* **About this exercise**
Restate, exactly as written, the entries below from the line that holds "AI Baby Generator, reveal" through the line that holds "Since 2007, Rex". Pictures are not part of the copy.

[Source data — start]

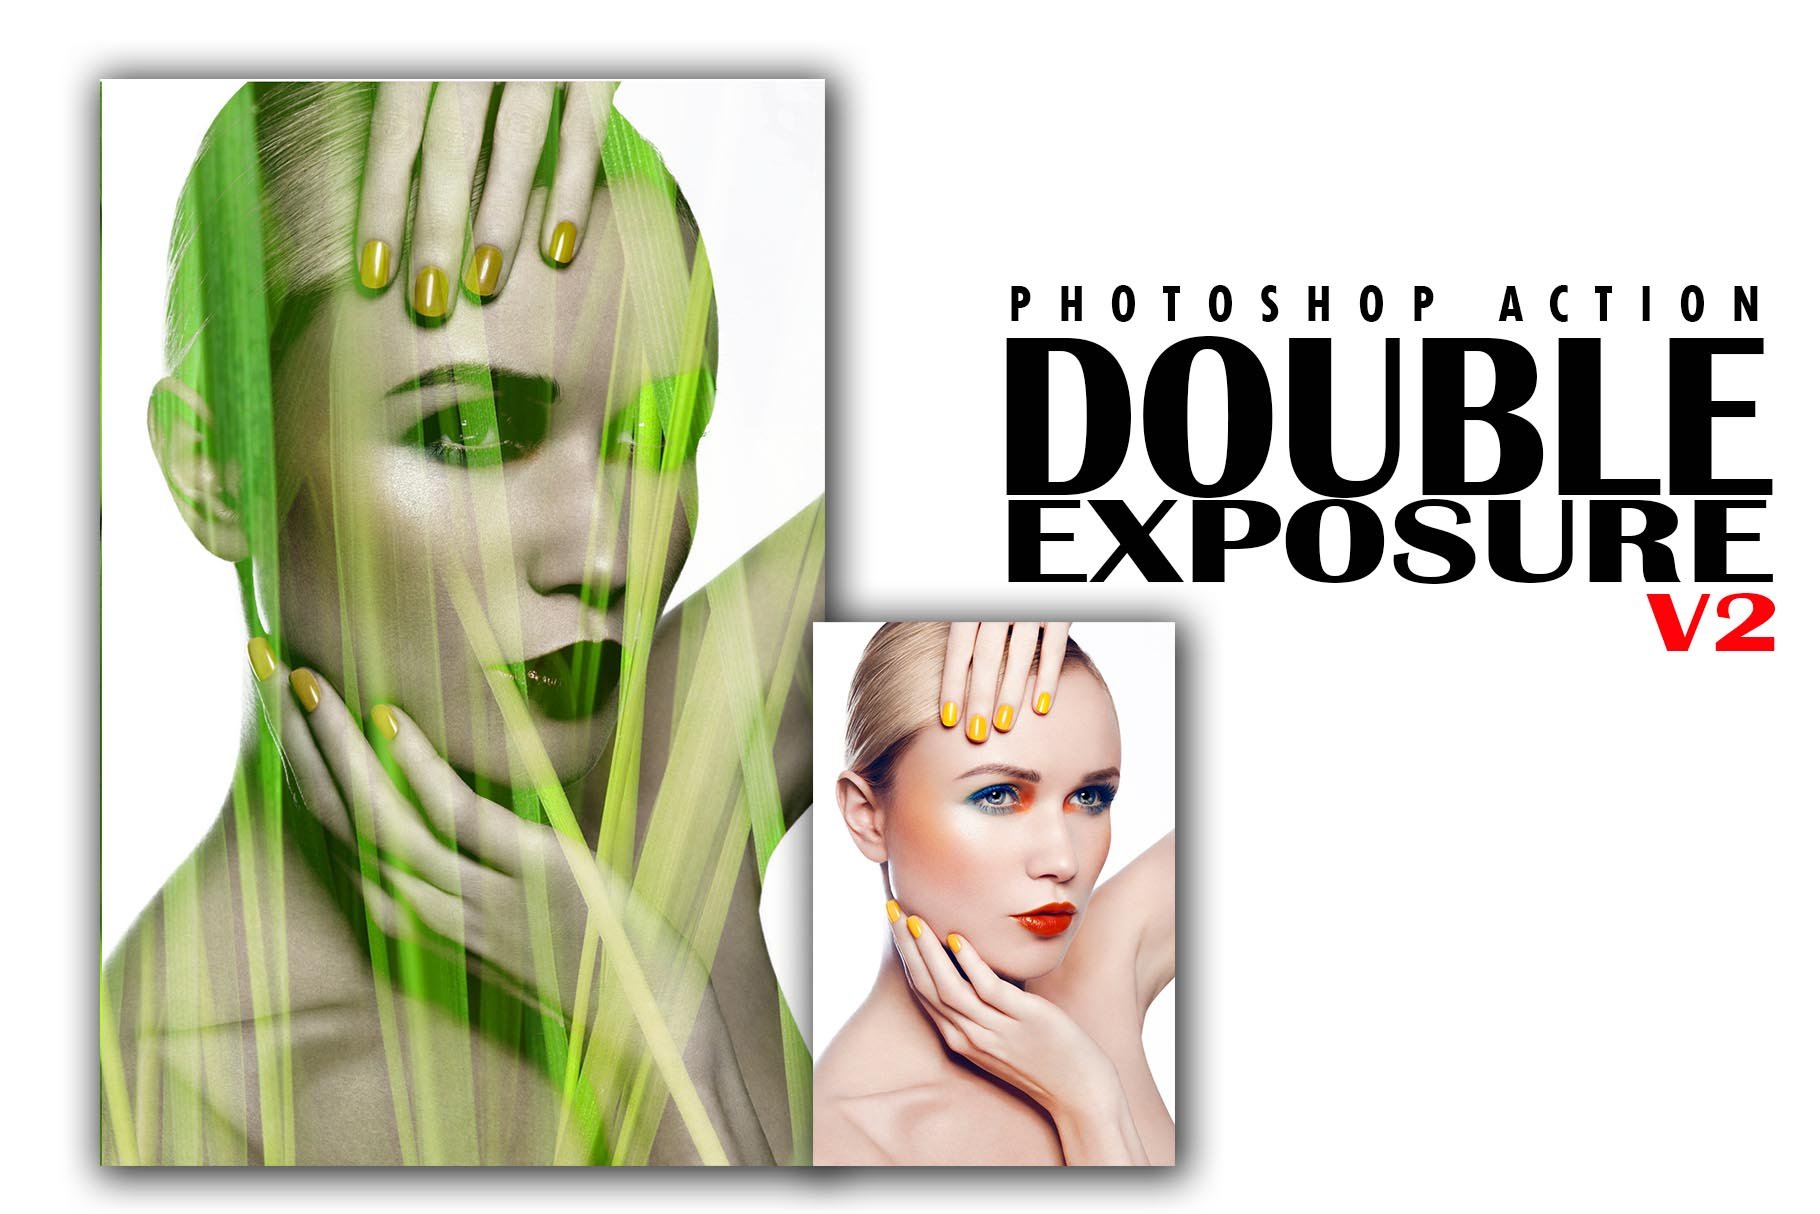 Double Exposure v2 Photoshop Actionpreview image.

[Source data — finish]
[Source data — start]

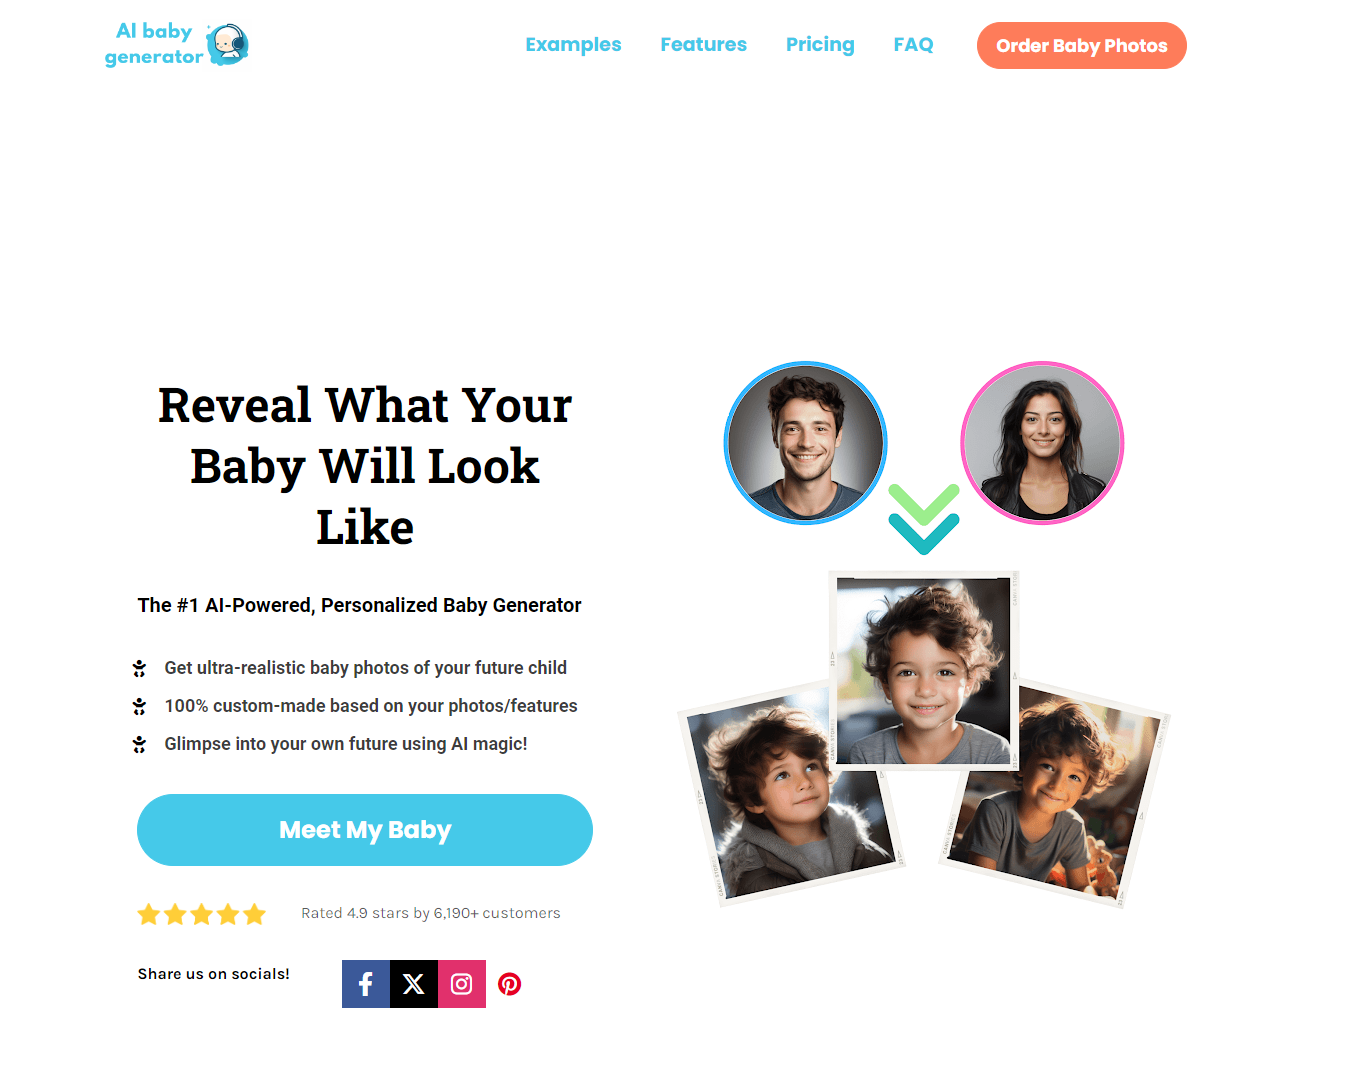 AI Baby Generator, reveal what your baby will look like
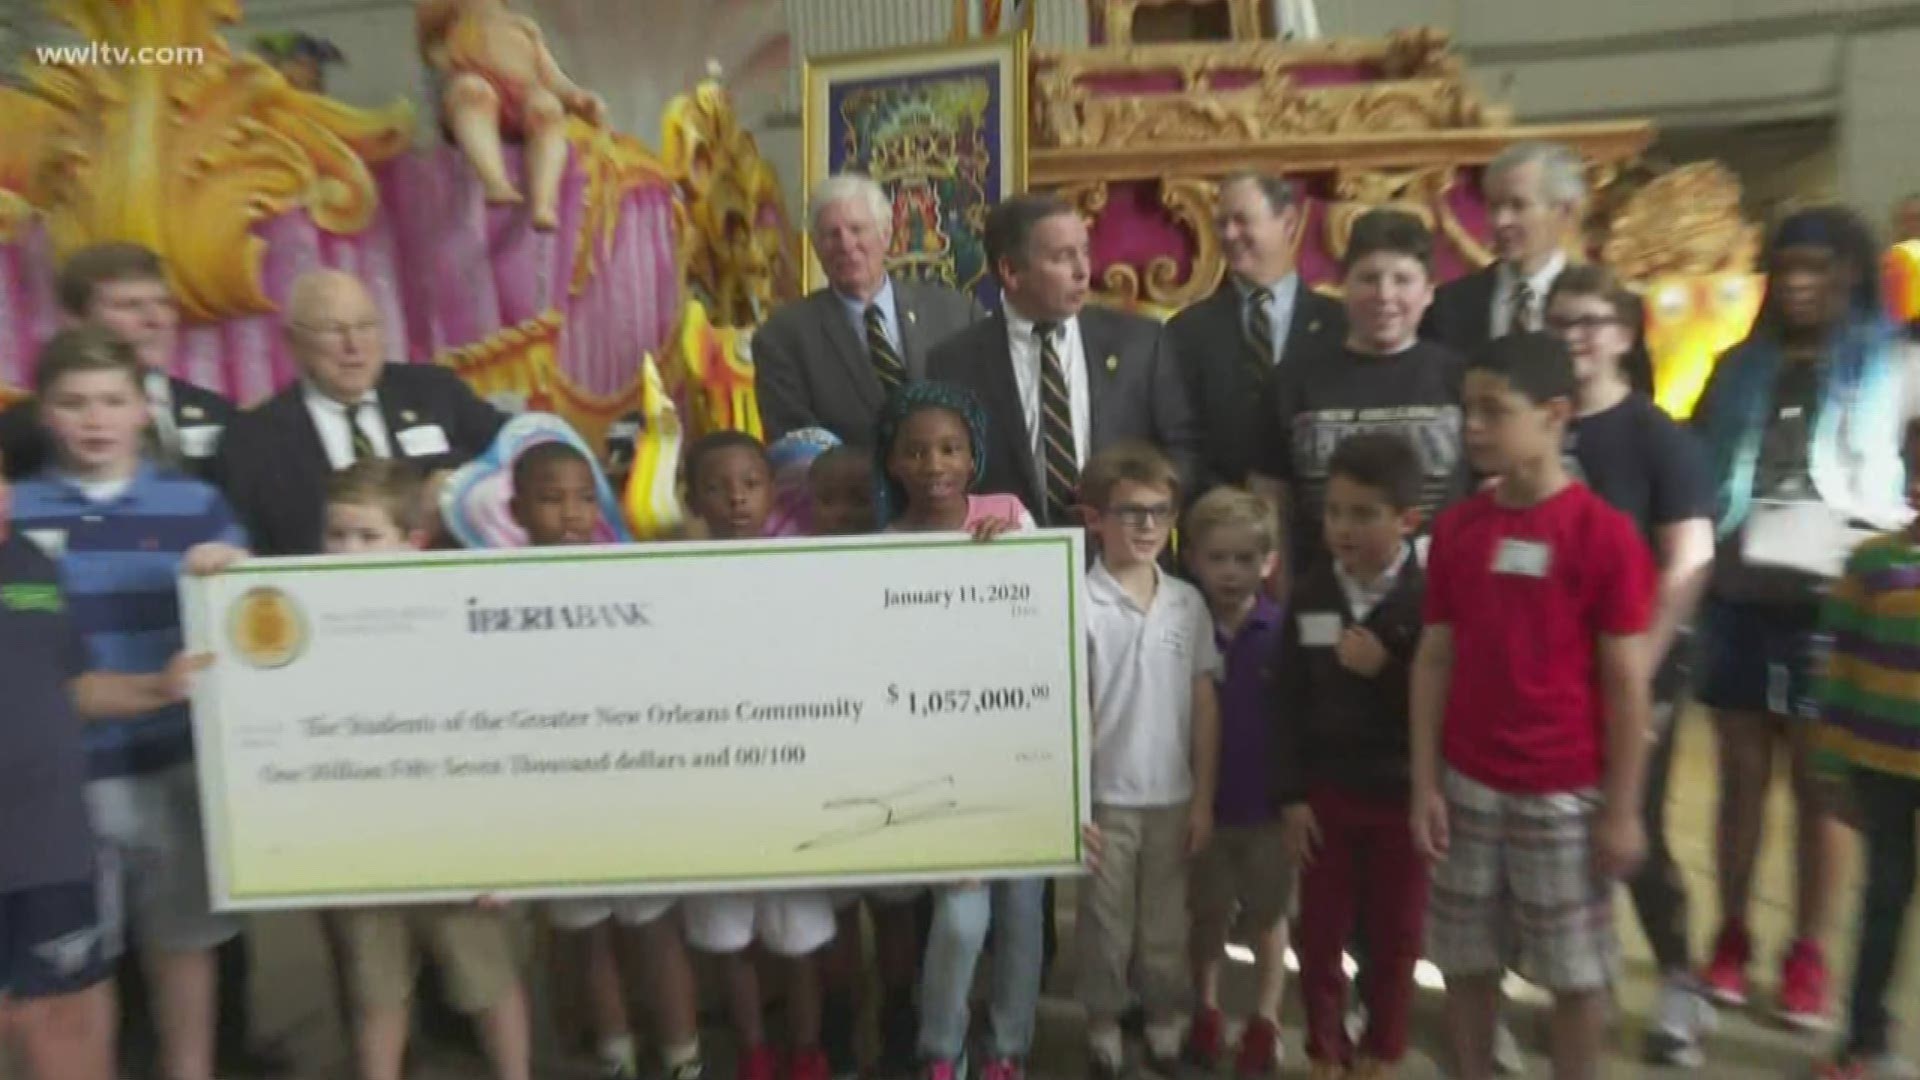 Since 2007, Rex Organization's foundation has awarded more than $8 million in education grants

[Source data — finish]

* **Answer to the exercise**
 AI Baby Generator, reveal what your baby will look like
 Since 2007, Rex Organization's foundation has awarded more than $8 million in education grants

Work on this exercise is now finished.